- WHAT YOU HAVE TO DO -
Would you restate the full listing word for word and omit its pictures?

- DATA BLOCK -
---
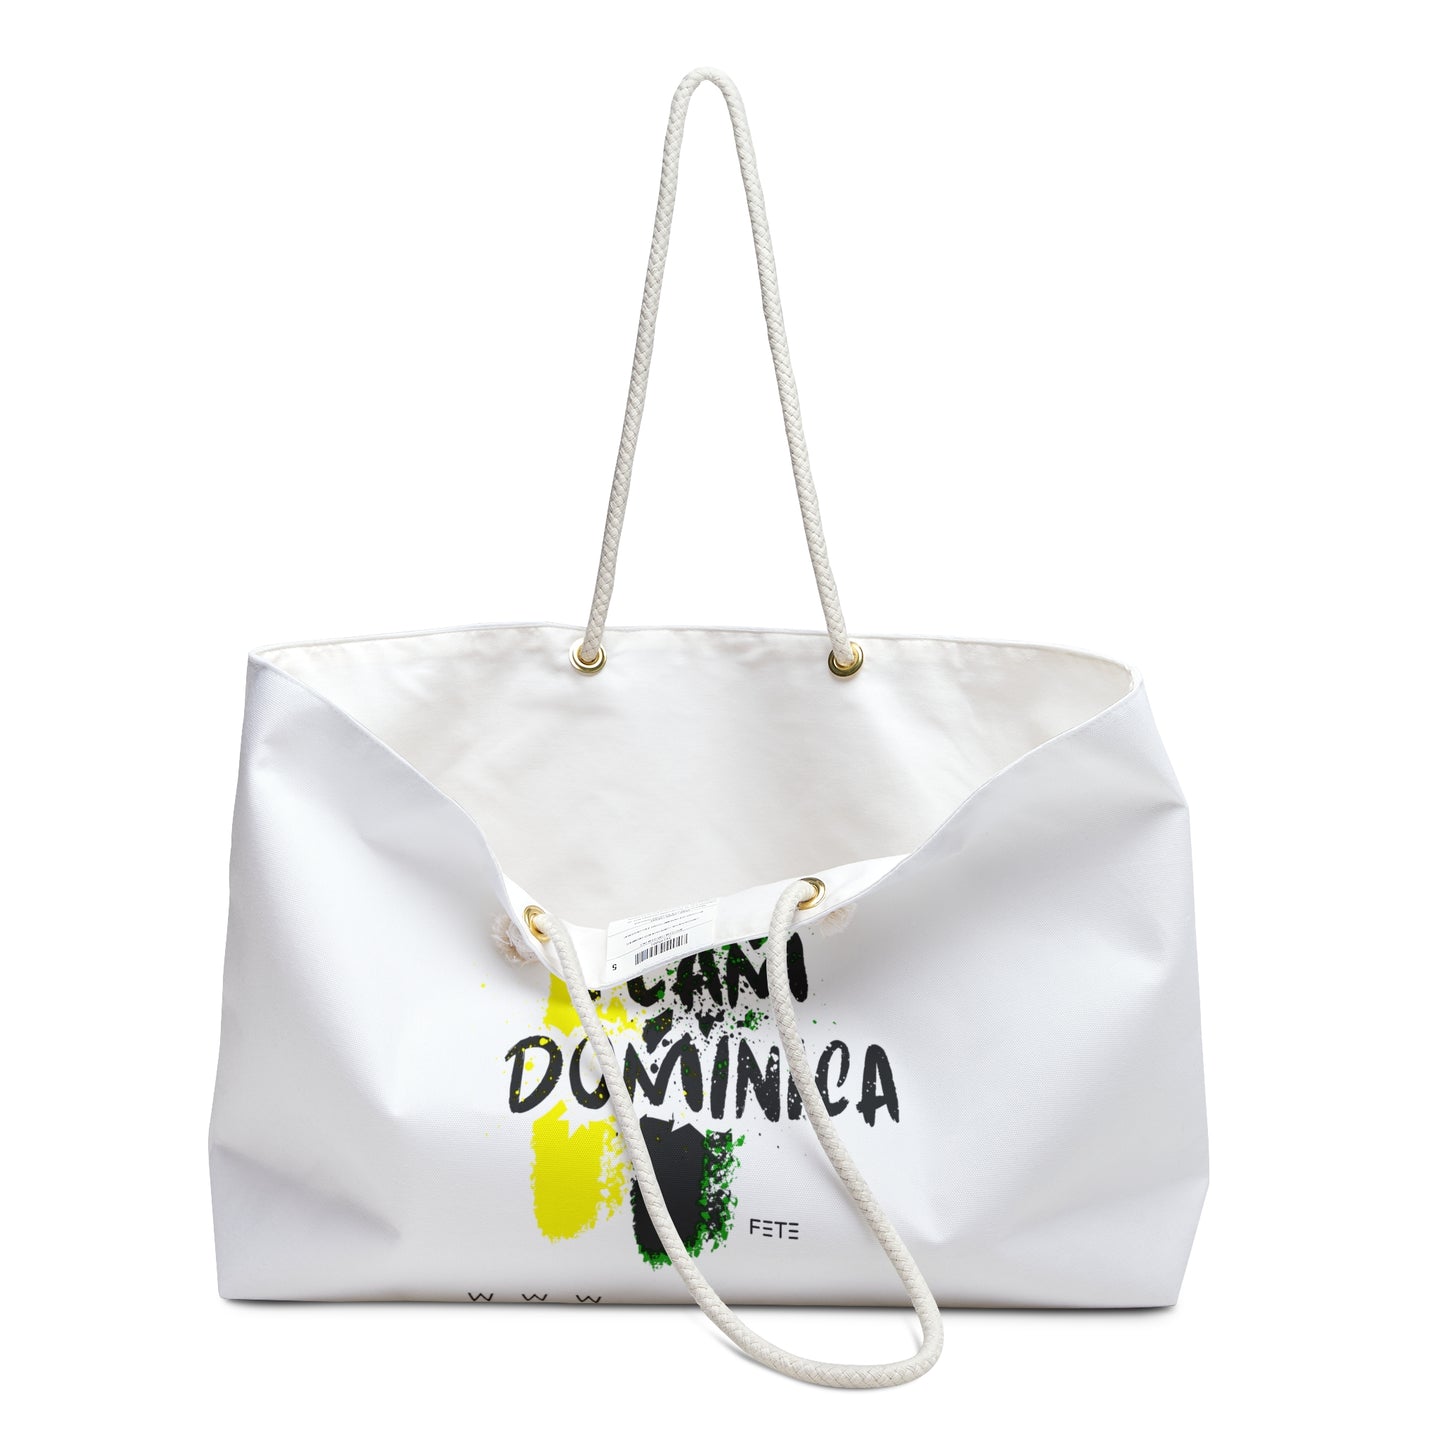 Team Dominica Weekender Bag
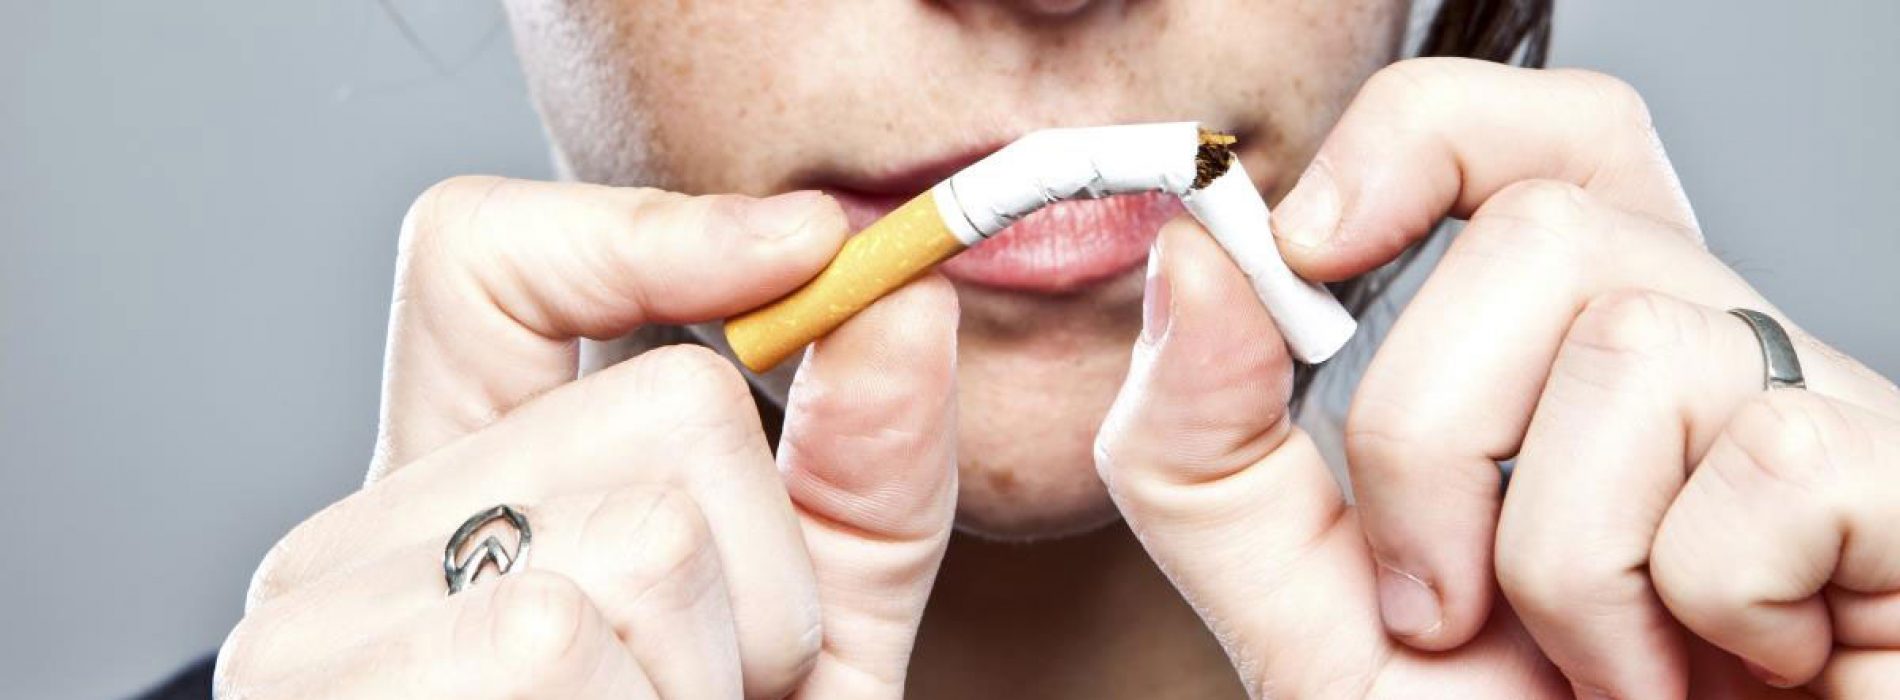 Roken en hypertensie: onderzoek toont aan dat het vermogen van het lichaam om de bloeddruk zelf te corrigeren in gevaar komt door de chronische gewoonte
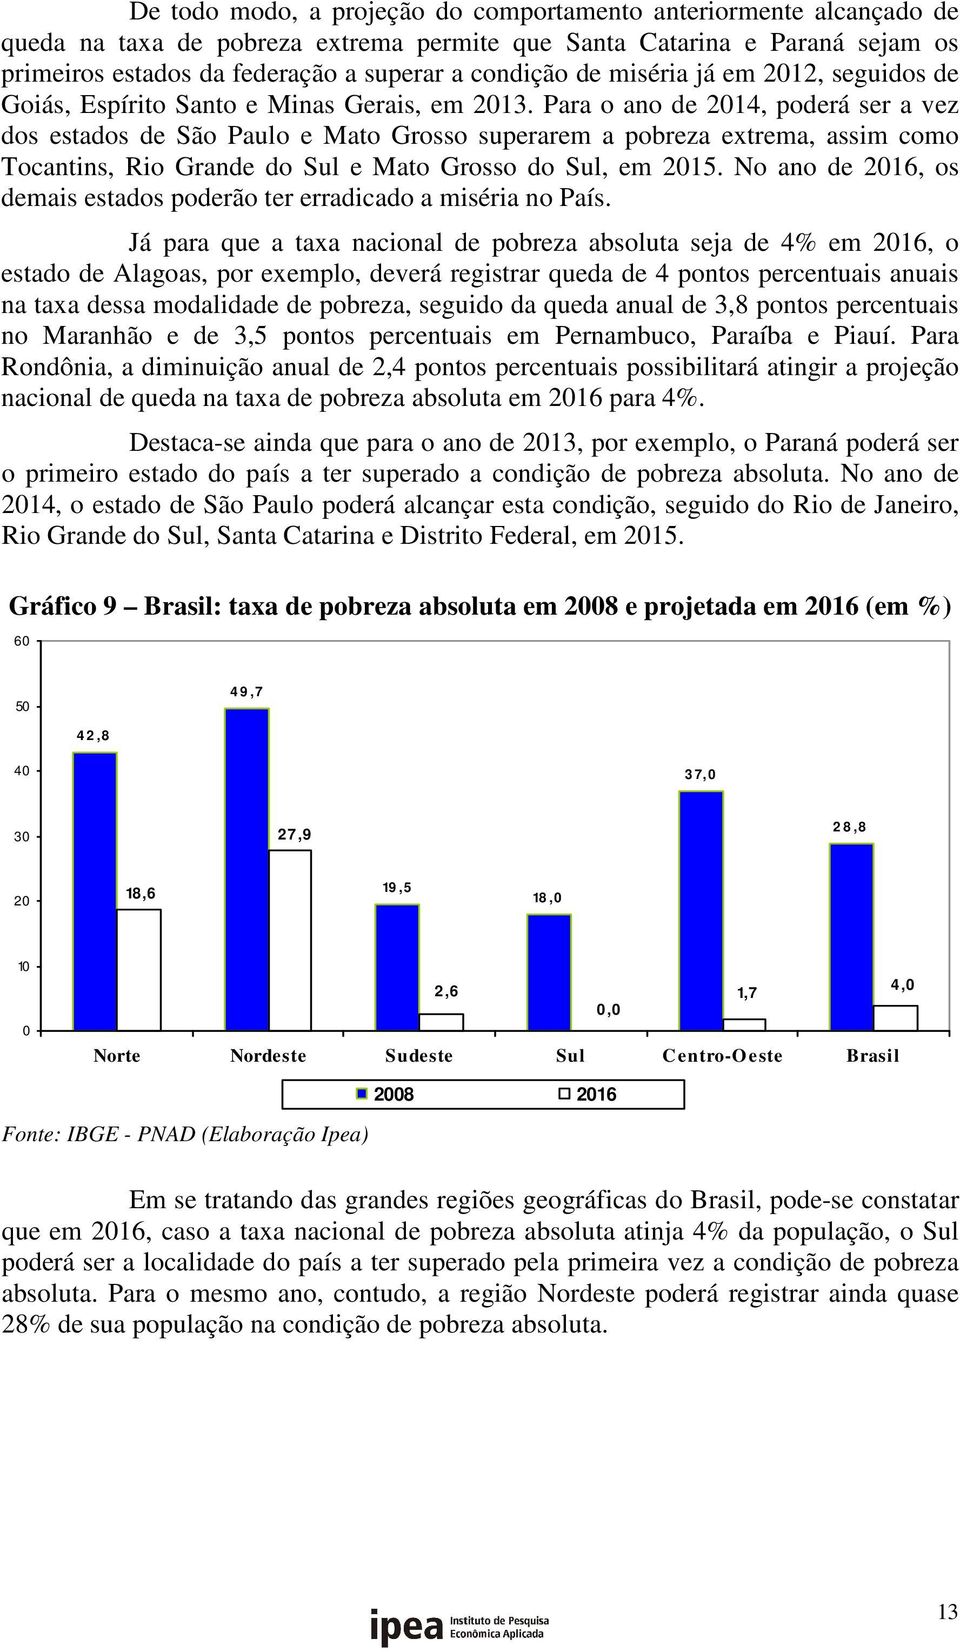 Para o ano de 2014, poderá ser a vez dos estados de São Paulo e Mato Grosso superarem a pobreza extrema, assim como Tocantins, Rio Grande do Sul e Mato Grosso do Sul, em 2015.
---
- SOLUTION FOR THIS TASK -
 Team Dominica Weekender Bag
 Roken en hypertensie: onderzoek toont aan dat het vermogen van het lichaam om de bloeddruk zelf te corrigeren in gevaar komt door de chronische gewoonte
 Para o ano de 2014, poderá ser a vez dos estados de São Paulo e Mato Grosso superarem a pobreza extrema, assim como Tocantins, Rio Grande do Sul e Mato Grosso do Sul, em 2015.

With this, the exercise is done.